13.2 What are we trying to explain and why is it tricky?
13.2.1 Claim 1: Social instincts arise from genetically-hardcoded circuitry in the Steering Subsystem (hypothalamus & brainstem)
Let’s talk about envy, to pick a central example of social emotions. (Remember, the point of this post is that I want to understand human social instincts in general; I don’t literally want AGIs to be envious—see previous post, Section 12.4.3.)
I claim: there needs to be genetically-hardcoded circuitry in the Steering Subsystem—a.k.a. an “innate reaction”—which gives rise to the feeling of envy.
Why do I think that? A few reasons:
First, envy seems to have a solid evolutionary justification. I’m referring here to the usual evolutionary psychology story: Basically, for most of human history, life was full of zero-sum competitions for status, mates, and resources, such that an aversive reaction to other people’s successes (under some circumstances) would have been plausibly adaptive in general.
Second, envy seems to be innate, not learned. I think parents will agree that children often react negatively to the successes of their siblings and classmates starting from a remarkably young age, and in situations where those successes have no discernable direct negative impact on the child in question. Even adults feel envious in situations where there’s no direct negative impact from the other person’s success—e.g., people can be envious of the achievements of historical figures—making it hard to explain envy as an indirect consequence of any non-social innate drive (hunger, curiosity, etc.). The fact that envy is a cross-cultural human universal is also consistent with it stemming from an innate reaction, as is the fact that it’s (I think) present in some non-human animals.
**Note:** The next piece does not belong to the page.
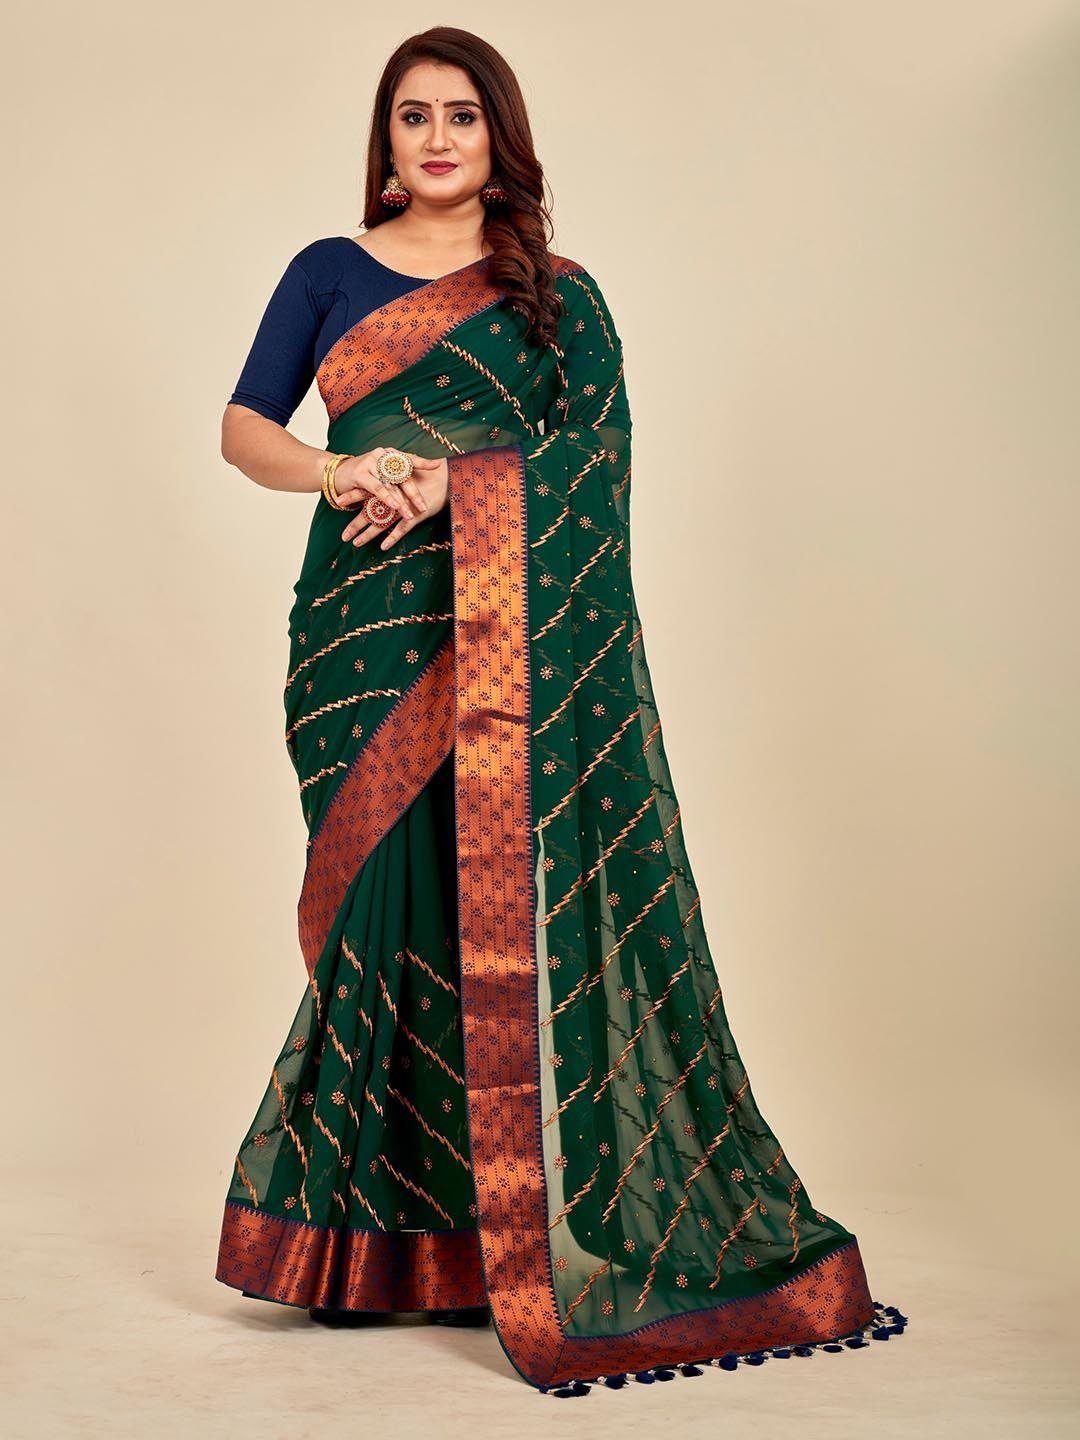 mahalasa olive green embellished embroidered art silk designer saree

In my framework (see Posts #2–#3), the only way to build this kind of innate reaction is to hardwire specific circuitry into the Steering Subsystem. As a (non-social) example of how I expect this kind of innate reaction to be physically configured in the brain (if I understand correctly, see detailed discussion in this other post I wrote), there’s a discrete population of neurons in the hypothalamus which seems to implement the following behavior: “If I’m under-nourished, do the following tasks: (1) emit a hunger sensation, (2) start rewarding the neocortex for getting food, (3) reduce fertility, (4) reduce growth, (5) reduce pain sensitivity, etc.”. There seems to be a neat and plausible story of what this population of hypothalamic neurons is doing, how it's doing it, and why. I expect that there are analogous little circuits (perhaps also in the hypothalamus, or maybe somewhere in the brainstem) that underlie things like envy, and I’d like to know exactly what they are and how they work, at the algorithm level.
Third, in social neuroscience (just like in non-social neuroscience), the Steering Subsystem (hypothalamus and brainstem) seems to be (regrettably) neglected and dismissed in comparison to the cortex. Even so, there are more than enough papers on the topic to see that the Steering Subsystem (especially hypothalamus) plays a major role in social behavior—examples in footnote. No further comment until I read more of the literature.
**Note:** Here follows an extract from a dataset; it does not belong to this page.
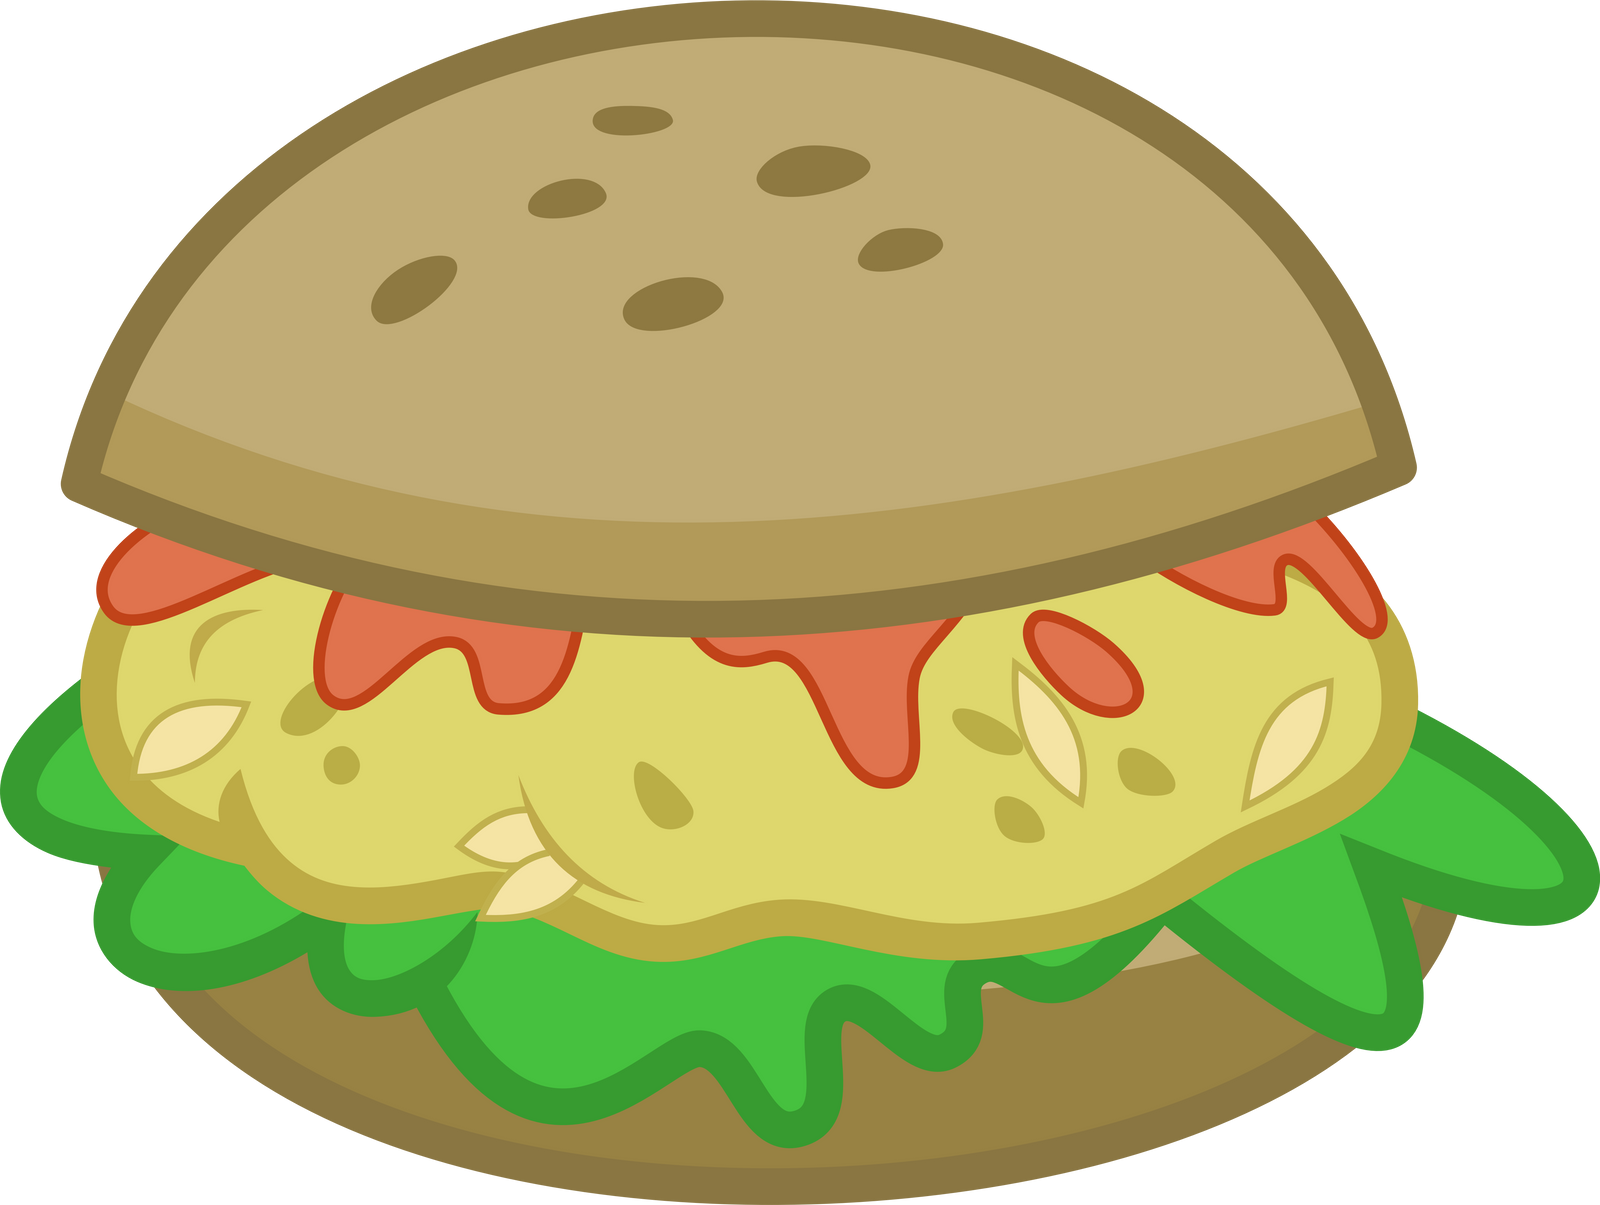 Oatburger

13.2.2 Claim 2: Social instincts are tricky because of the “symbol grounding problem”
For social instincts to have the effects that evolution “wants” them to have, they need to interface with our conceptual understanding of the world—i.e., with our learned-from-scratch world-model, which is a huge (probably multi-terabyte) complicated unlabeled data structure in our brain.
So suppose my acquaintance Rita just won a trophy and I didn’t, and that makes me envious. Rita winning the trophy is represented by some specific neuron firing pattern in the learned cortical world model, and that’s supposed to trigger the hard-coded envy circuit in my hypothalamus or brainstem. How does that work?
You can’t just say “The genome wires these particular neurons to the envy circuit,” because we need to explain how. Recall from Post #2 that the concepts of “Rita” and “trophy” were learned within my lifetime, basically by cataloging patterns in my sensory inputs, and then patterns in the patterns, etc.—see predictive learning of sensory inputs in Post #4. How does the genome know that this particular set of neurons should trigger the envy circuit?
By the same token, you can’t just say “A within-lifetime learning algorithm will figure out the connection”; we would also need to specify how the brain calculates a “ground truth” signal (e.g. supervisory signals, error signals, reward signals, etc.) which can steer this learning algorithm.
Thus, the challenge of implementing envy (and other social instincts) amounts to a kind of symbol grounding problem—we have lots of “symbols” (concepts in our learned-from-scratch predictive world-model), and the Steering Subsystem needs a way to “ground” them, at least well enough to extract what social instincts they should evoke.
So how do the social instinct circuits solve that symbol grounding problem? One possible answer is: “Sorry Steve, but there’s no possible solution, and therefore we should reject learning-from-scratch and all the other baloney in Posts #2–#7.” Yup, I admit it, that’s a possible answer! But I don’t think it’s right.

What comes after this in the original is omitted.